#### SOURCE DATA ####
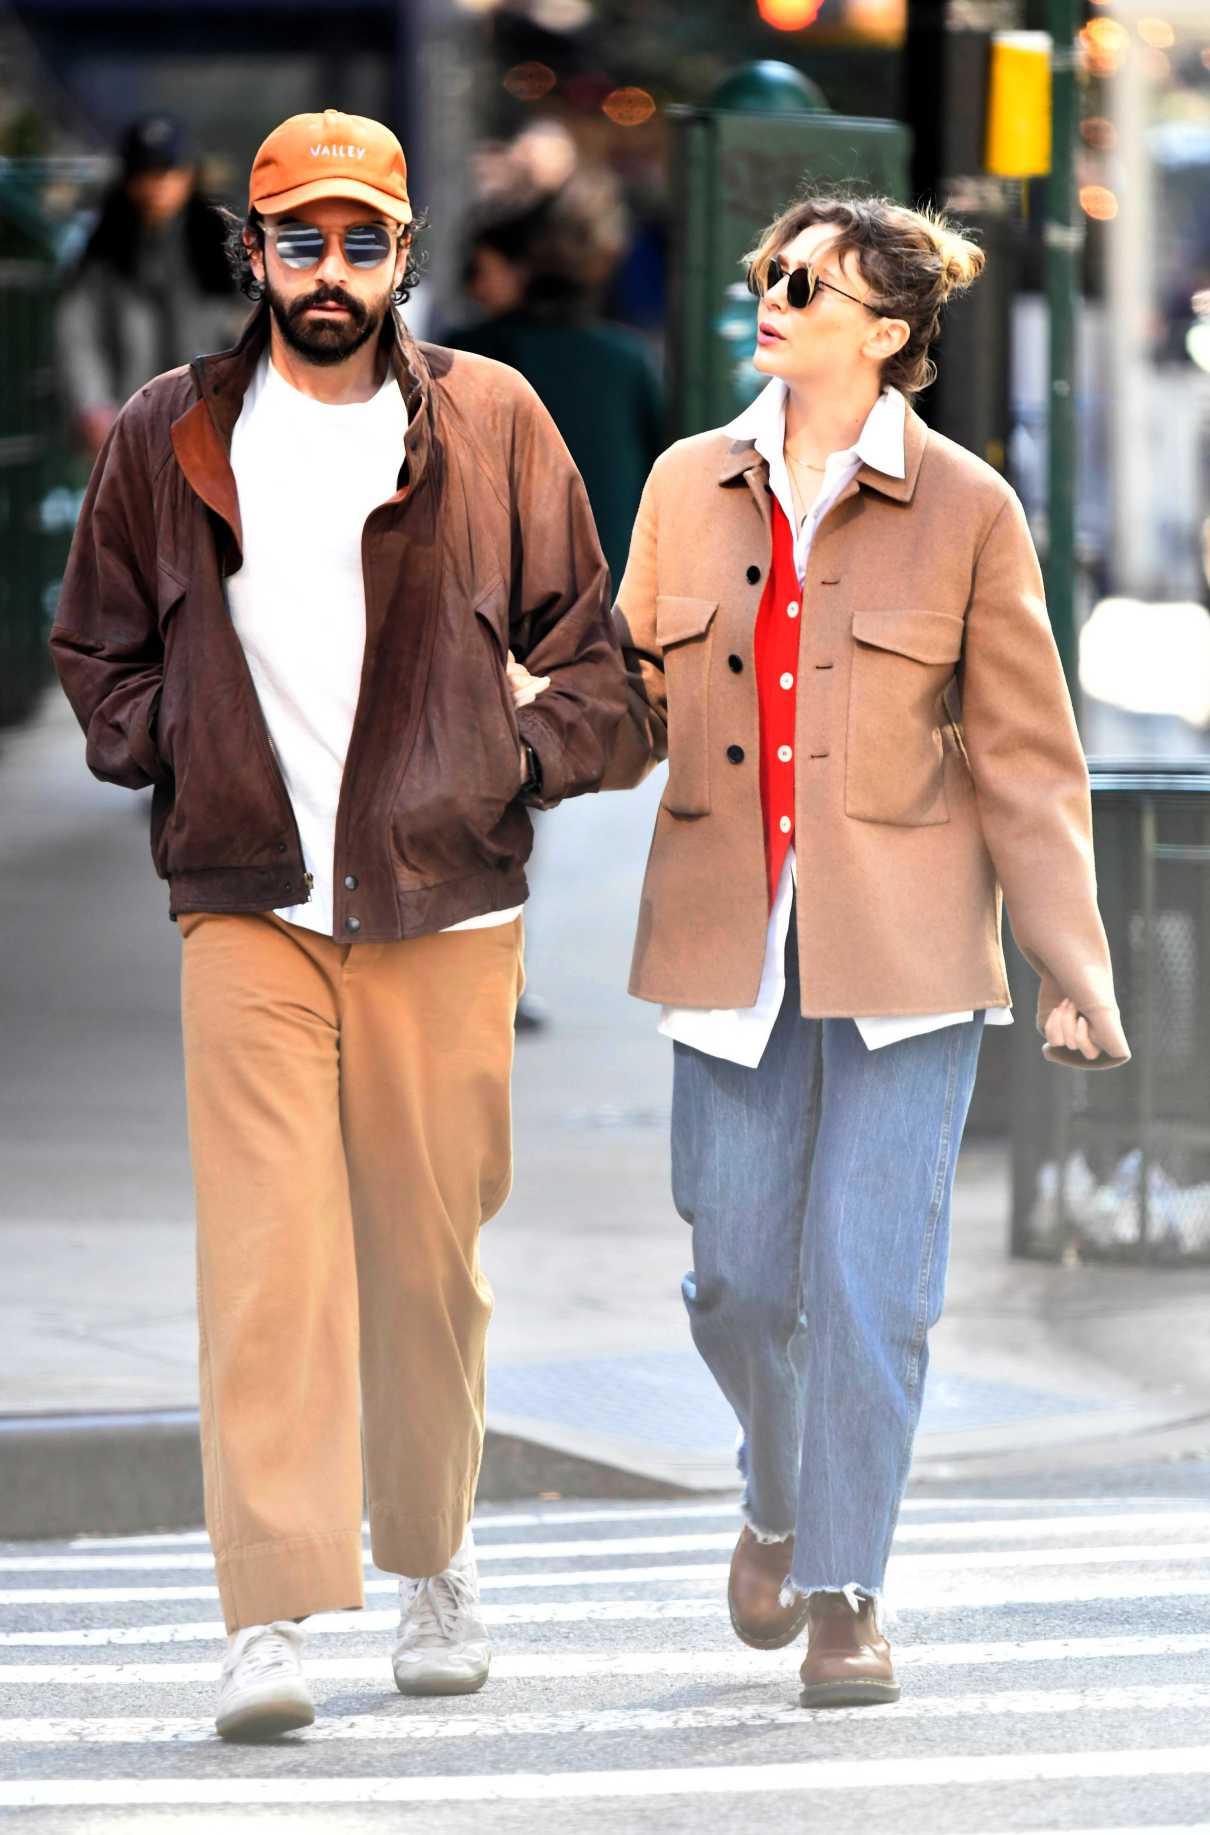 Elizabeth Olsen in a Tan Jacket
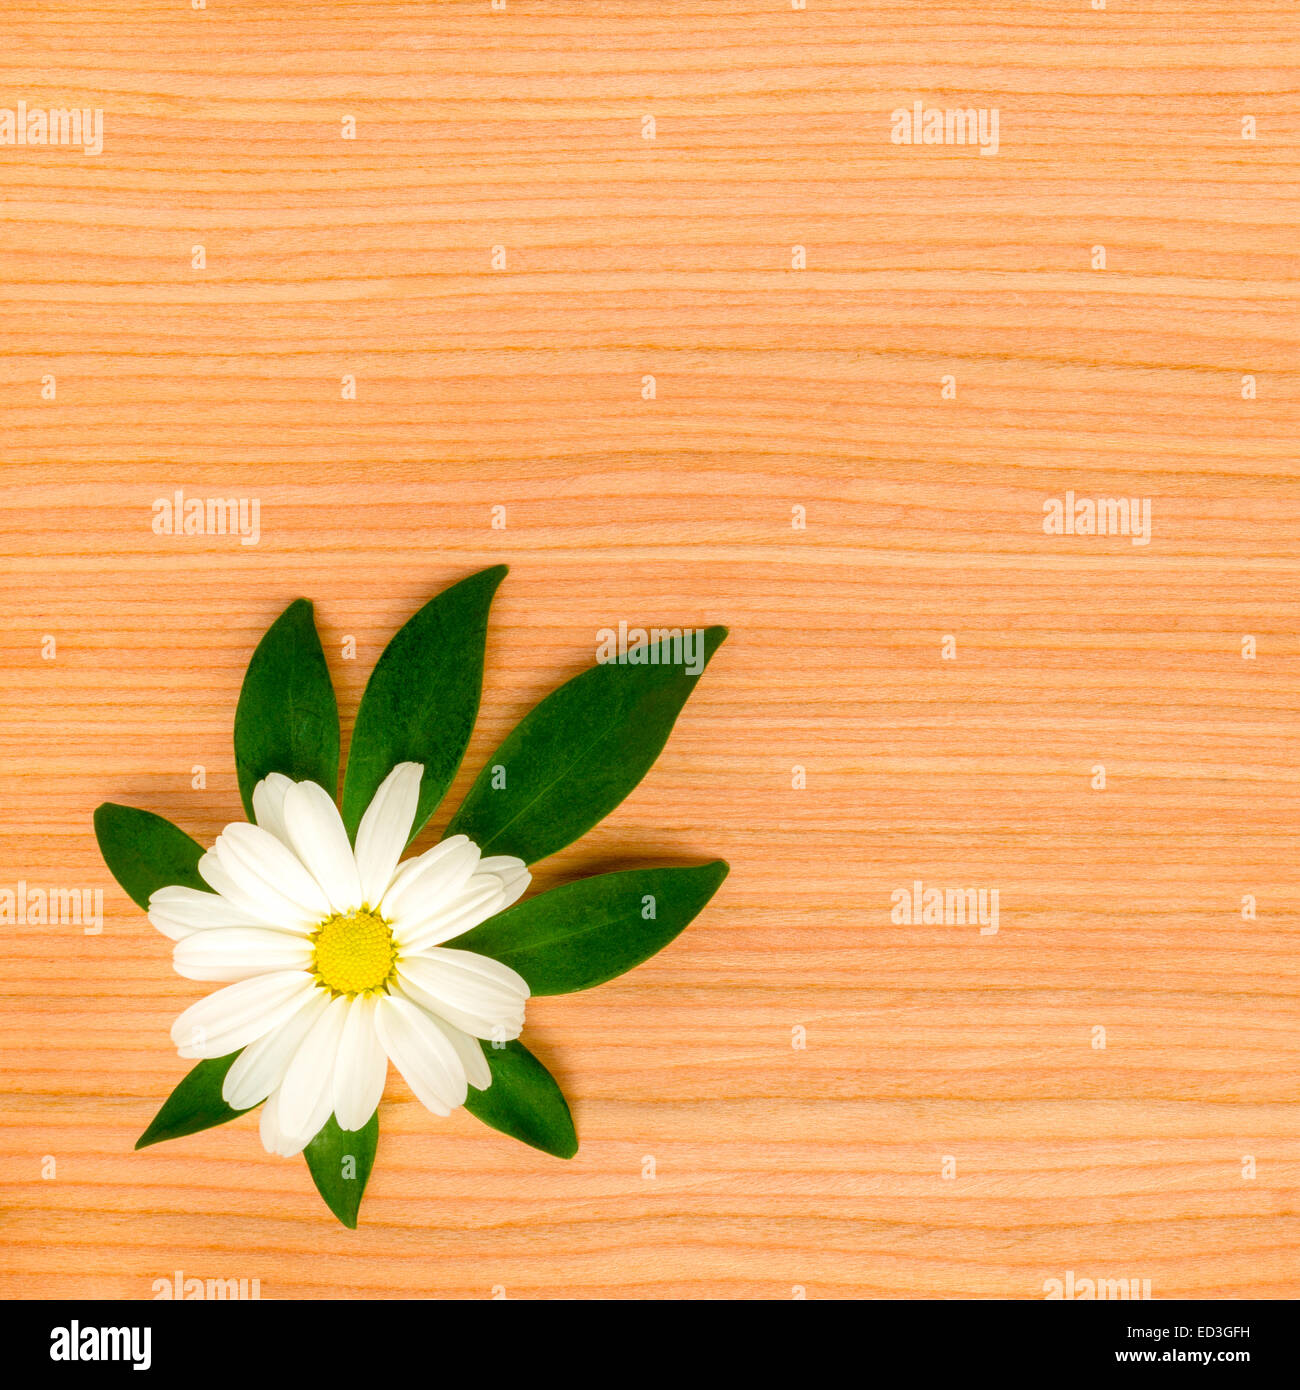 natürliche Maserung des Baum-Hintergrund mit gerahmten Kamille auf Blatt shefler Stockfoto
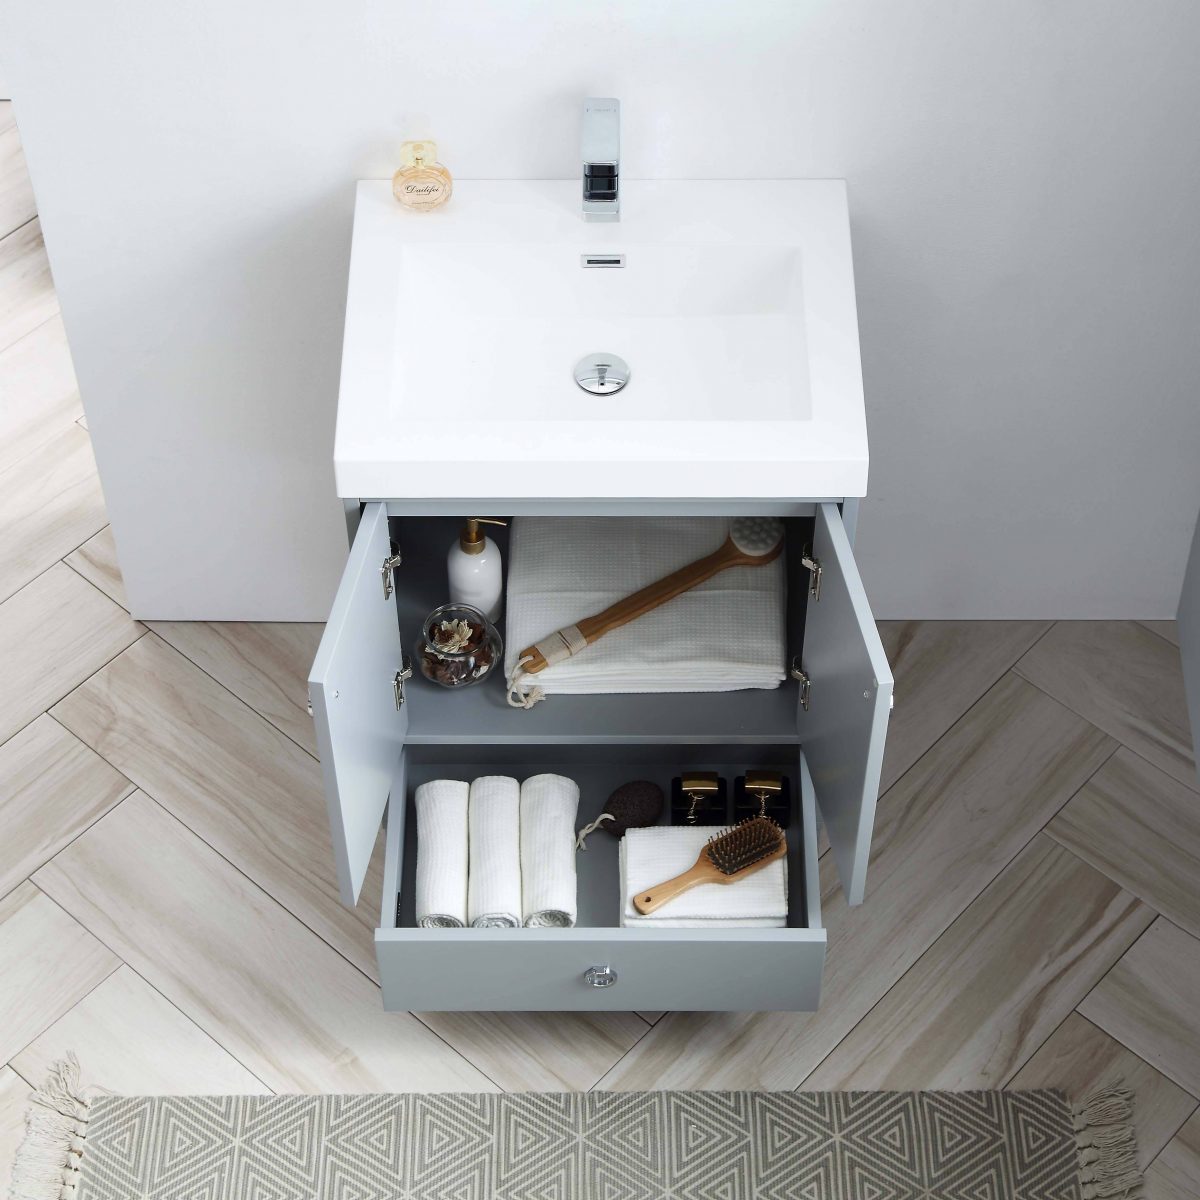 Lyon 24" Bathroom Vanity  #size_24"  #color_metal grey 
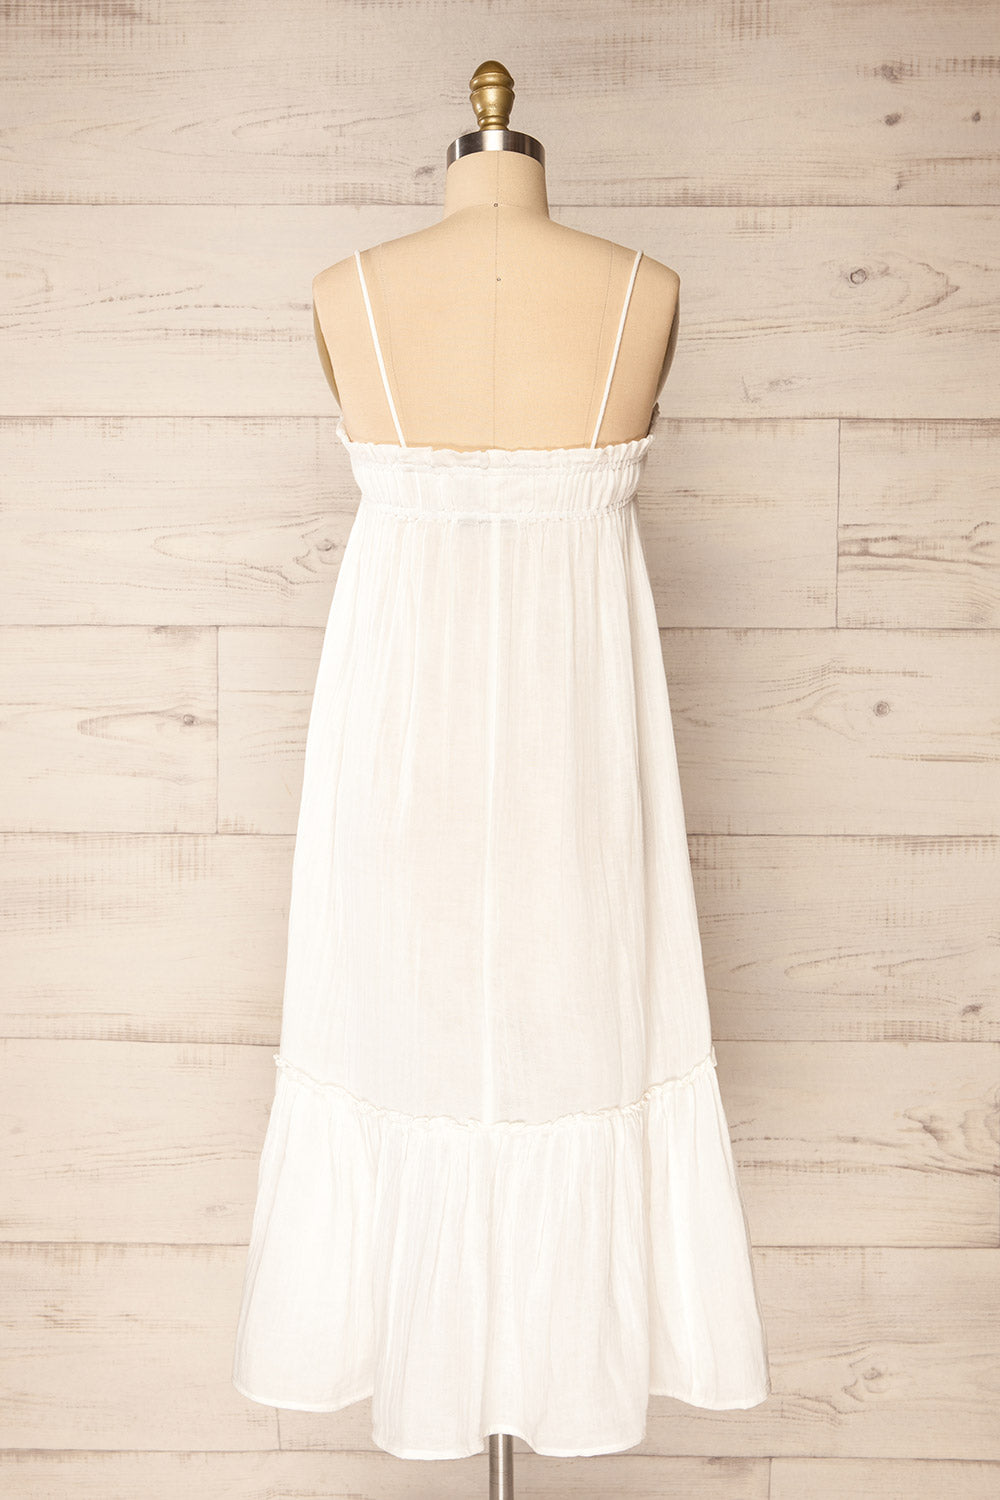 Fannar White A-line Midi Dress | La petite garçonne back view
####
ACTION ITEM — Exclude the pictures, and transcribe all of the material exactly.

THE ANSWER —
 Elizabeth Olsen in a Tan Jacket
 natürliche Maserung des Baum-Hintergrund mit gerahmten Kamille auf Blatt shefler Stockfoto
 Lyon 24" Bathroom Vanity  #size_24"  #color_metal grey 
 Fannar White A-line Midi Dress | La petite garçonne back view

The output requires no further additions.